Maybe one day both "sides" will realize that how they have been functioning IS the problem. As Thich N1hat Hanh says, Be still and know.

I simply believe it is time to give it a pause. And, eat more rice. One grain at a time.

Thanks for posting.

Anonymous said...

By all means lets purge the country of all reminders of slavery and racism. That would leave a multi century void in our history leaving future generations curious to ask why and what happened in those years. Indeed the Constitution itself would have to be removed as a document of racist slave owners. What good will come from erasing history?

Shaw Kenawe said...

Anonymous

There are such things as history books, museums, libraries, documentaries, learning American history in elementary and high school, courses in colleges and universities etc., that are about the Civil War. A statue hardly explains anything about that subject. A statue only gives honor to the person it depicts. You should understand that.

The Germans know this to be true. There are no statues honoring Nazis in Germany, but Germans do learn about them in school.

My city, to my knowledge, doesn't have statues of Roman emperors, but I know about them from reading.

No one is erasing history. Pulling down statues of men who fought against their own country and lost is not erasing history. I think you actually know this.

Shaw Kenawe said...

RN, we have yet to understand who planned, financed, and carried out the Jan. 6 insurrection.

For the first time in my life, I witnessed Americans attacking the U.S. Capitol with the intention (which they chanted and which gallows were set up at the Capitol) of doing harm to the VPOTUS, and the Speaker of the House, and to disrupt the certification of the electoral college votes.

I'm not ready to move on from that historic attack and insurrection against the United States. It frightened me to my core. I want to know EXACTLY who plotted, financed, encouraged, and helped this attack on our government. We know for a fact that Trump instigated it, but he wasn't alone in his treachery.

I'm not moving on until we know the whole story, and Trump's role in it.

skudrunner said...

Ms Shaw, I forgot I did say something derogatory about the swell guy so understand your not posting it.

RN, Good idea because nothing good will come from laboring on the past except those that can't move forward.

Les Carpenter said...

Be happy then.

Shaw Kenawe said...

Anonymous

Here's a good answer from James Hohmann to your question about pulling down statues of Founding Fathers who owned slaves:

"What gave me the greatest pause about taking down Confederate statues was a fear of the slippery slope. If Lee statues came down, activists might come after memorials to George Washington, Thomas Jefferson and other brilliant Founding Fathers because, as Southern planters, they also owned slaves. Is it only a matter of time before society tries to take down statues of, say, Franklin D. Roosevelt because he ordered the internment of U.S. citizens and noncitizens of Japanese descent during World War II?

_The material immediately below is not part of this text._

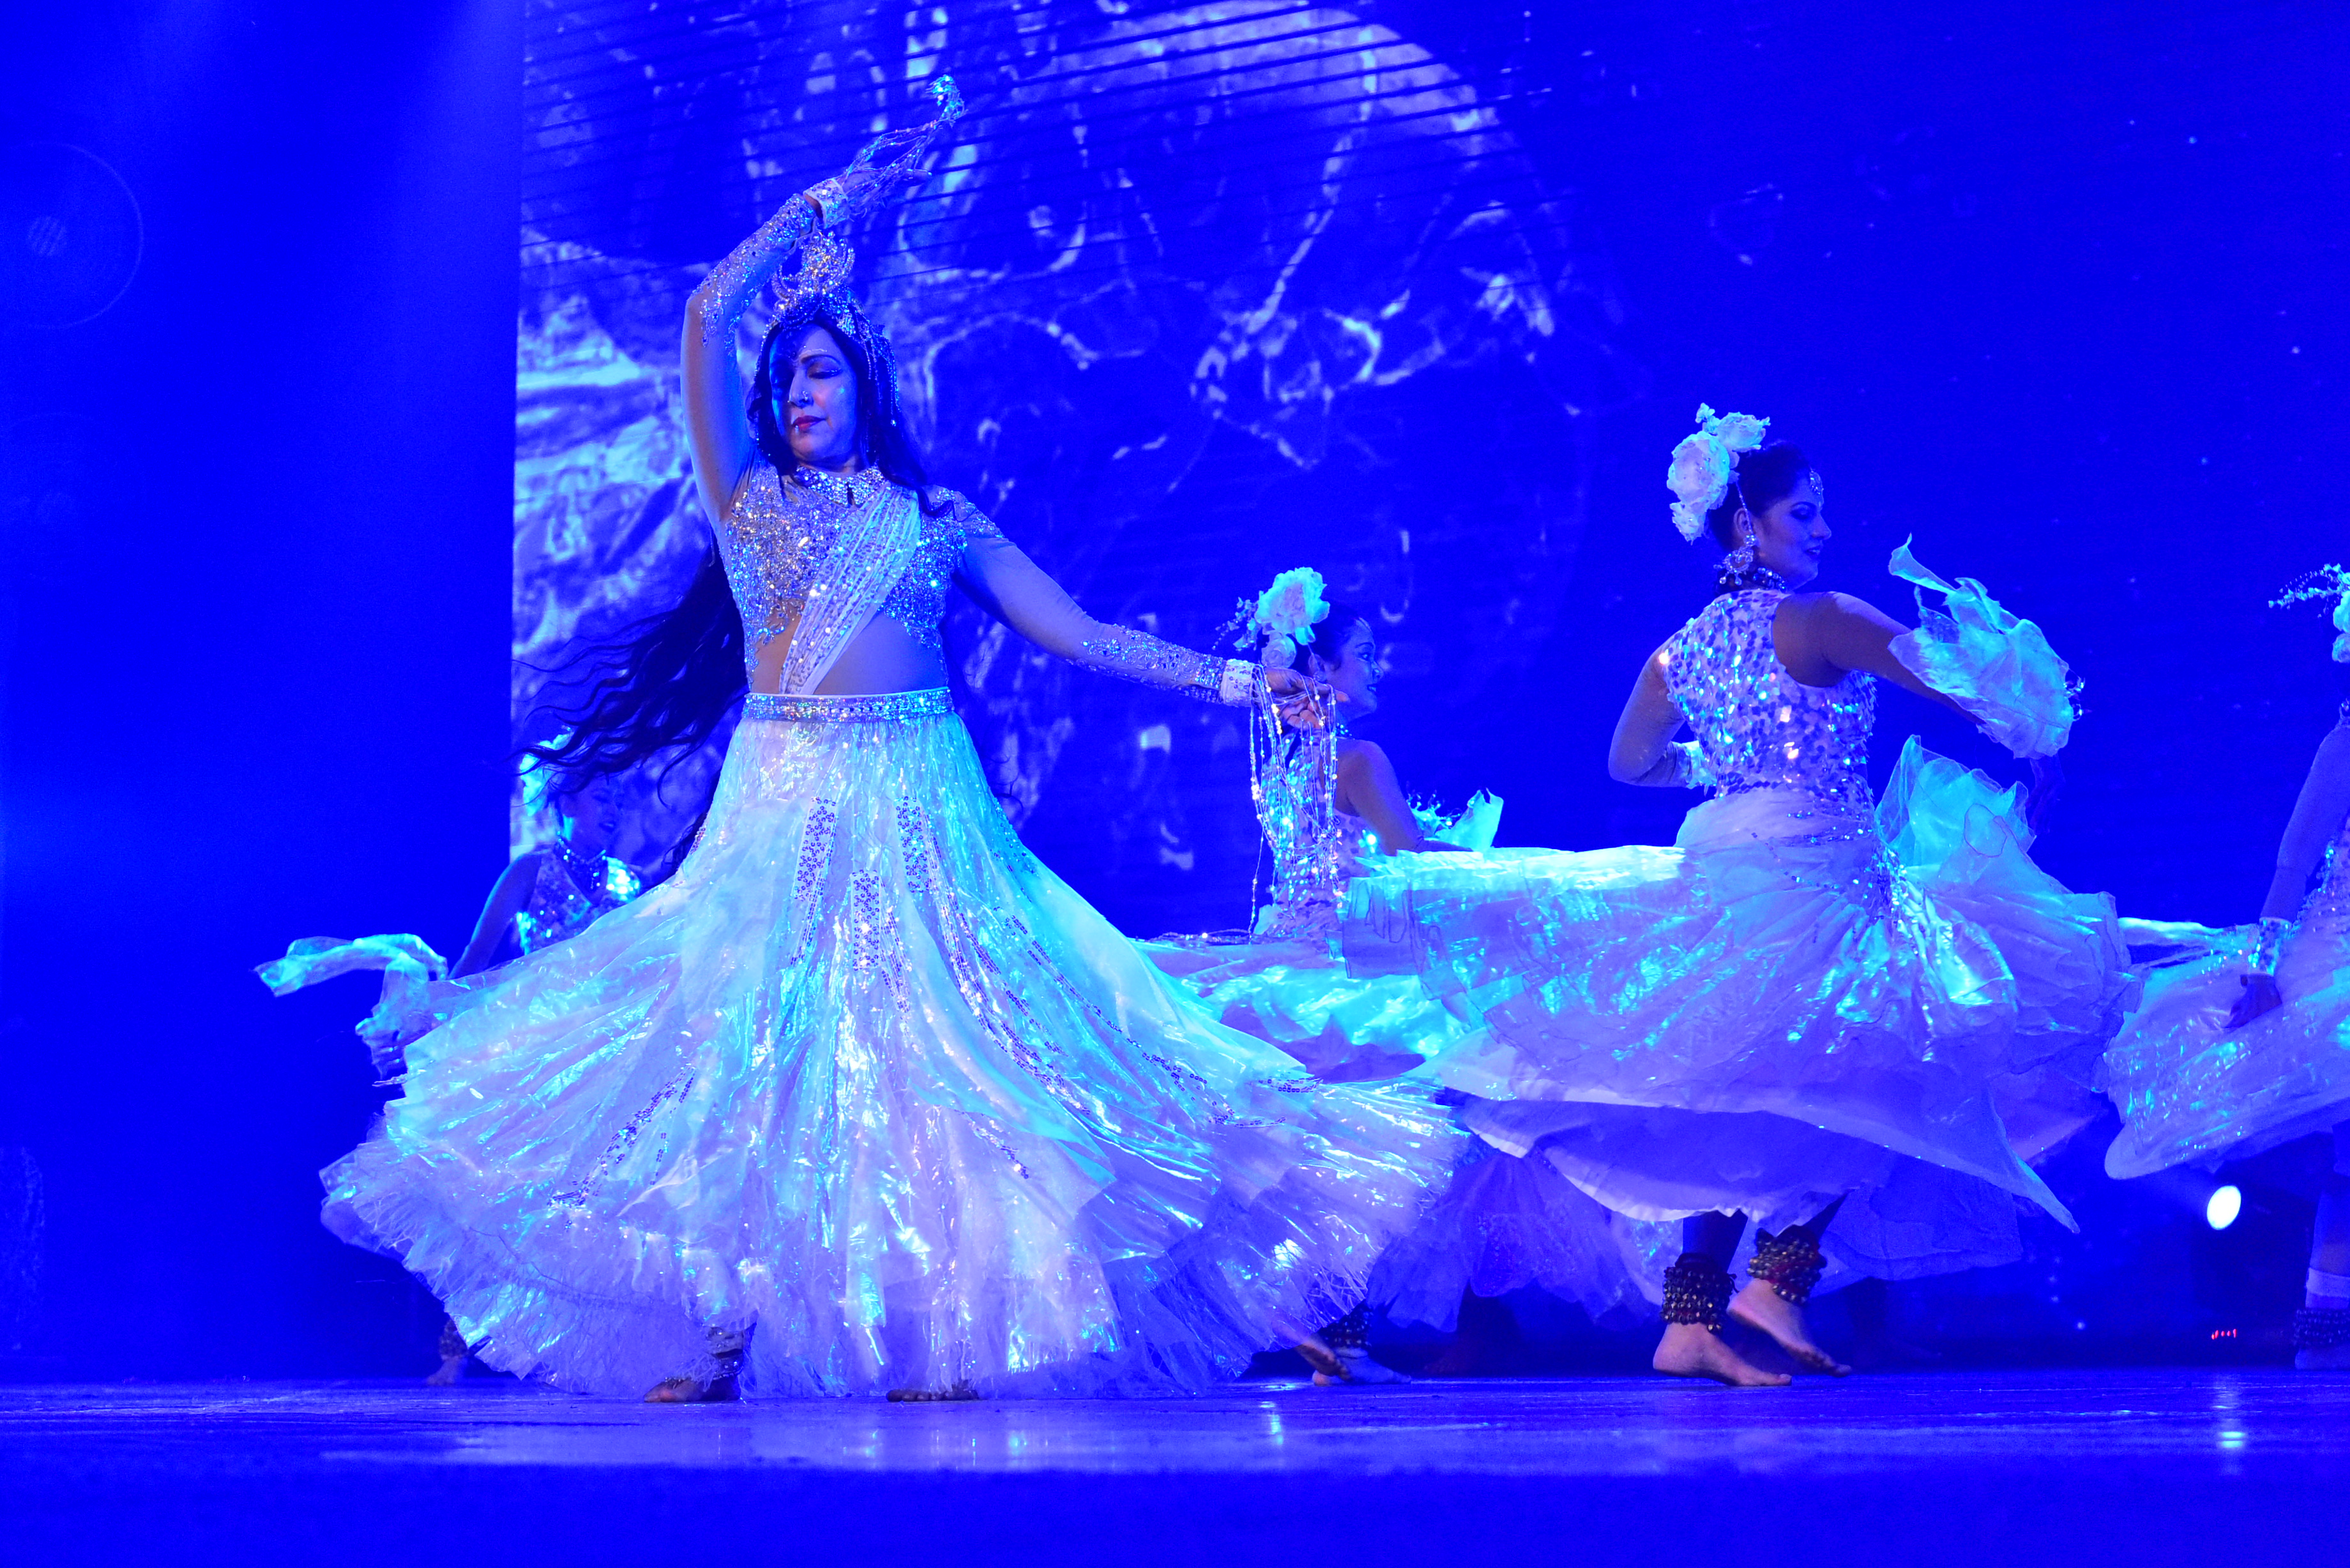 ' गंगा बॅले' शब्द, सूर,नृत्य यांचा अनोखा संगम-हेमामालिनी यांचा पुणे फेस्टिव्हल मध्ये उत्कट नृत्यविष्कार

No. This is a logical fallacy. Ultimately, intent is the critical test to gauge whether statues should go: Why was the monument erected? What was the person originally being honored for? No reasonable person can argue that memorials to Washington, Jefferson and Roosevelt were constructed to celebrate the worst things they did.

On the other hand, voluminous evidence demonstrates that memorials to Confederate leaders were built because of, not despite, their sedition and treachery. The larger-than-life monument to Lee in Richmond was widely understood at the time it was erected as a symbol of white supremacy. John Mitchell, an African American member of Richmond’s city council and editor of a Black newspaper, condemned the statue for celebrating Lee’s “legacy of treason and blood.”

Another window into original intent comes from a time capsule placed inside the 40-foot stone plinth underneath the bronze statue of Lee on his horse. Media accounts say the box included an image of Abraham Lincoln lying in his coffin; a speaker at the installation ceremony blamed the Civil War on the dead president and claimed he freed the slaves only so the North could win the war. The capsule also included Confederate bullets, buttons and a battle flag."